Fortunately one of the big advantages of value investing is that you usually skipped out on an awful lot of losing (you bought after it dropped XX% that’s what made it attractive enough to meet your metrics) and companies very often recover fully from a period where they have a few bad quarters because of the market shifting… and when that happens you often end up crushing the market over the lifetime of the investment despite being down a meaningful amount for a lot of that time period.

But yeah it’s very normal to buy something and then lose 25-50% waiting for it to bottom out and begin recovering. It’s so common that I typically leave room to buy the stock 2-3 additional times should the stock fall from the level where I buy it the first time. Obviously it’s really important to keep tabs on what is happening in the real world and making sure that isn’t eroding, but markets simply are not efficient and that means sometimes something that is already cheap is going to get sold even cheaper before it starts to recover. You can’t build your entire strategy on exploiting the rather substantial gaps between the prices things are selling for vs what they are worth in real life and then bitch that it isn’t valuing your stuff fairly… that doesn’t make any sense. Of course it isn’t valuing your stuff fairly lol.

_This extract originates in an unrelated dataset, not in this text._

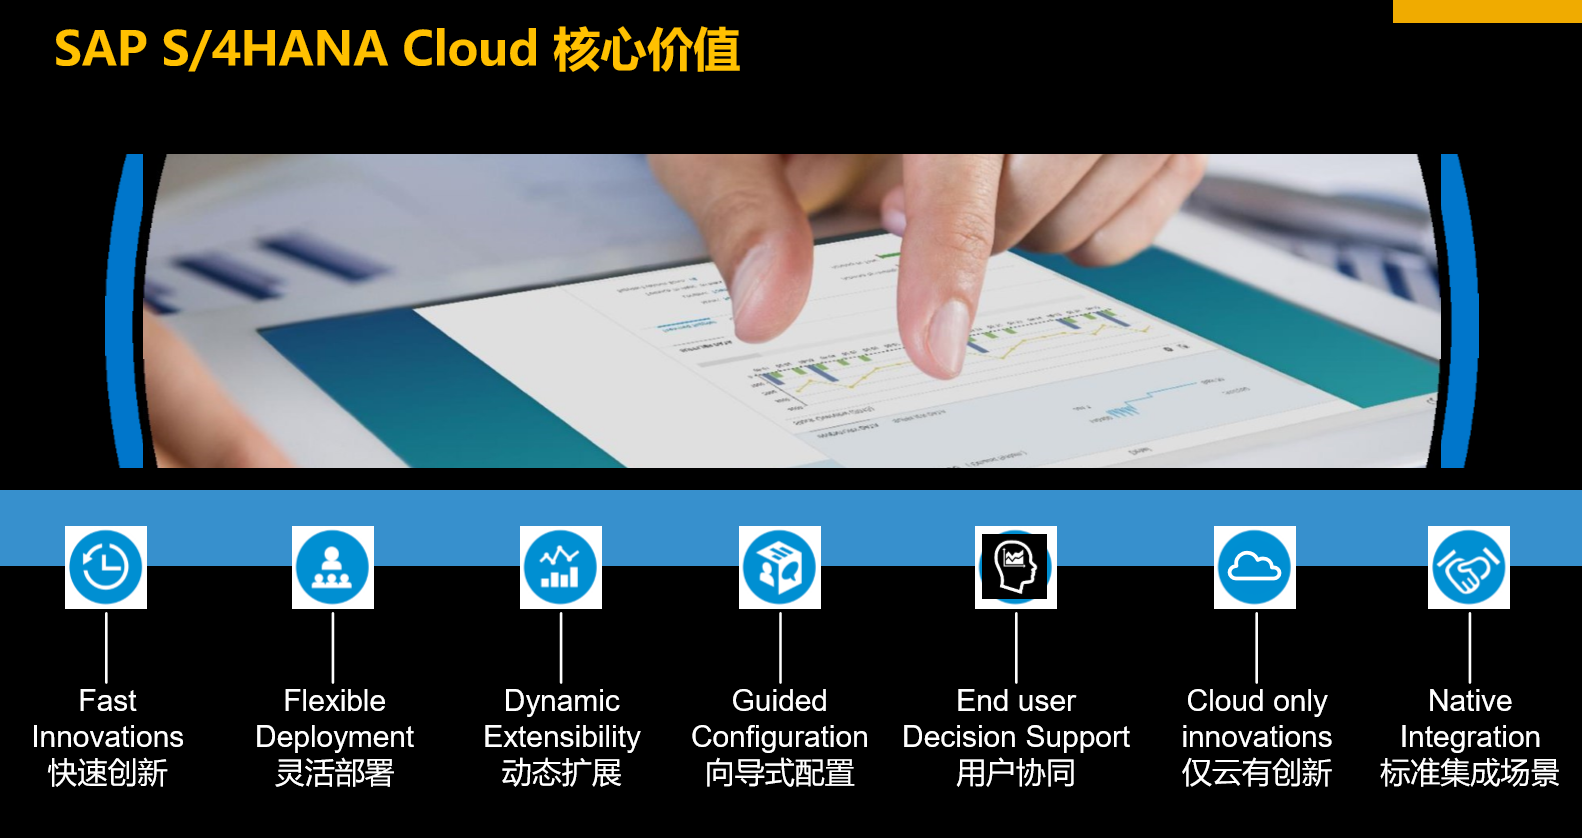 SAP S/4HANA Public Cloud

FWIW I don’t think MBUU got less fair as it went down from the 50’s to where it is now. Things have gotten materially worse for their business. Thing is it was very cheap in the 50’s and its very cheap now. I bought two allocations of it with my first entry being at ~58 and my second entry being at 43. I think this retailer going bust is a sign of the times. Fortunately MBUU seems to be pretty well positioned to ride this out until rich people start splurging again. I don’t think betting against rich people buying nice shit in the long run makes much sense.